Paolo Ciarrocchi wrote:
>
> Hi all,
> I've ran the AIM benchmark against 2.4.19 and 2.5.49 on my laptop (PIII@800 Reiserfs)

AIM9, I assume.

It's a rather dumb benchmark, but fun. Lots of really tiny
microbenchmarks, easy to see what's going on.

Some of the codepaths which it touches in 2.5 have had new stuff
added to them - things like the pagecache read and write functions
have additional setup for readv and writev (which got sped up tons,
but is not tested here). And additional layering for AIO support.
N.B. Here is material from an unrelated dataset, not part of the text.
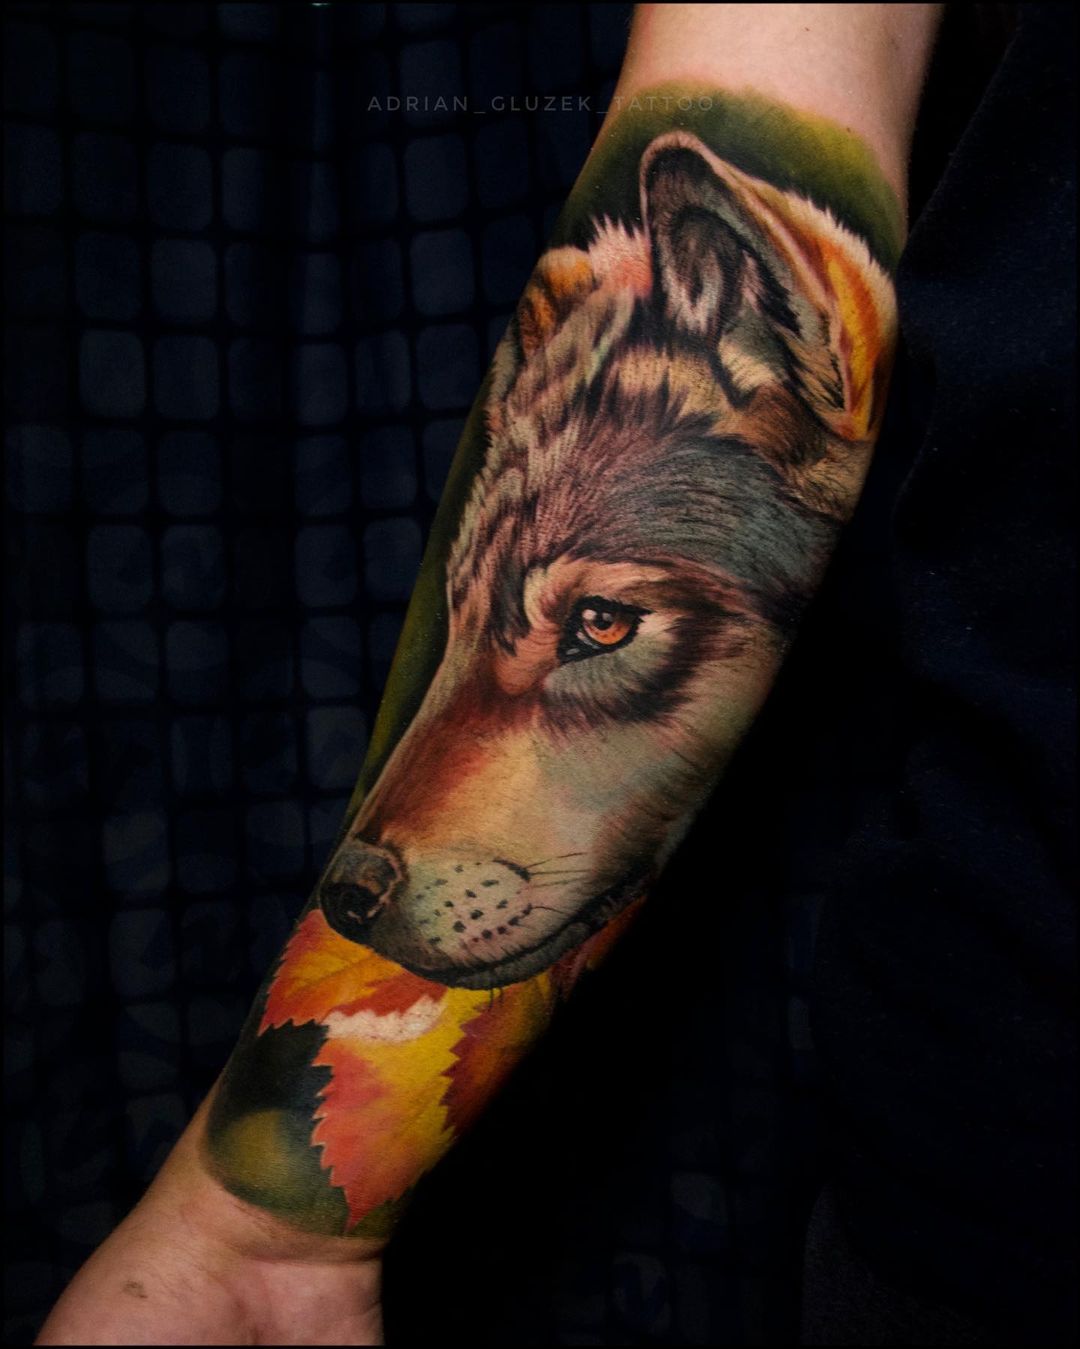 Tatuaje realista de lobo en todo el brazo.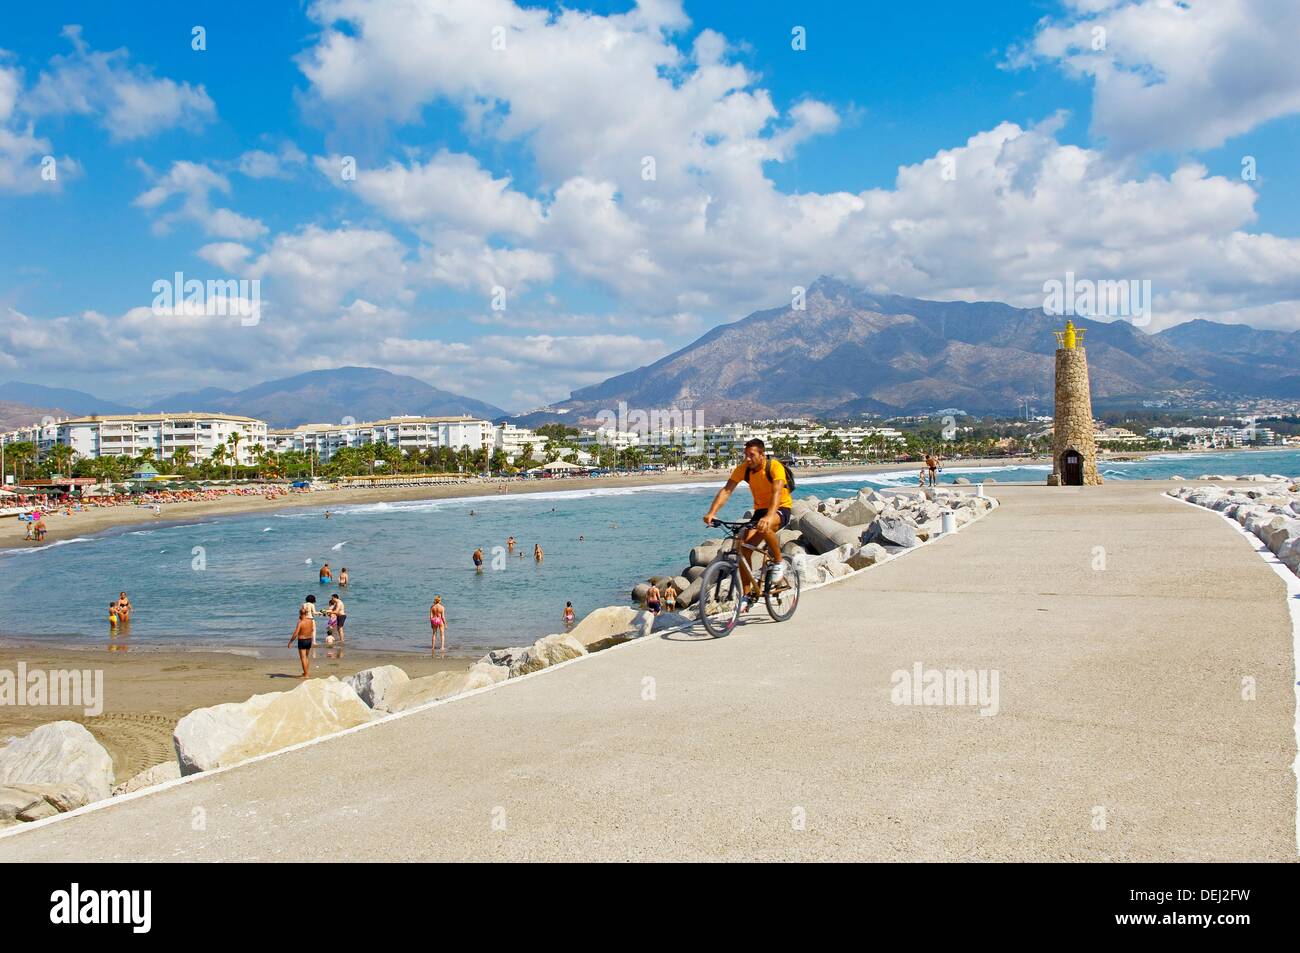 Puerto Banus beach. Marbella. Malaga province. Costa del Sol. Andalucia.  Spain Stock Photo - Alamy

These things hurt when your benchmark is timing how long it takes to
write to a file in 1 kbyte chunks. This is not really a thing which
we should optimise for.

But still, there's some stuff here which can be fixed; let's go through
it.

> creat-clo 10020 23.7525 23752.50 File Creations and Closes/second
> creat-clo 10030 18.9432 18943.17 File Creations and Closes/second
> ^^^^^ Here 2.4.19 is faster then 2.5.49

This loops, creating and deleting a file. Adding some optimisation
to handle the removal of a zero-length file seems worthwhile. That
sped it up by 30%-odd.
 
> page_test 10000 152.9 259930.00 System Allocations & Pages/second
> page_test 10010 128.971 219250.75 System Allocations & Pages/second
> ^^^^^ Here 2.4.19 is faster then 2.5.49

This found a bug in 2.5. The deferred-lru-addition queues were preventing
the hot-n-cold page queues from working right. I fixed that up and it's
almost running at the same speed as 2.4. But the code paths are longer...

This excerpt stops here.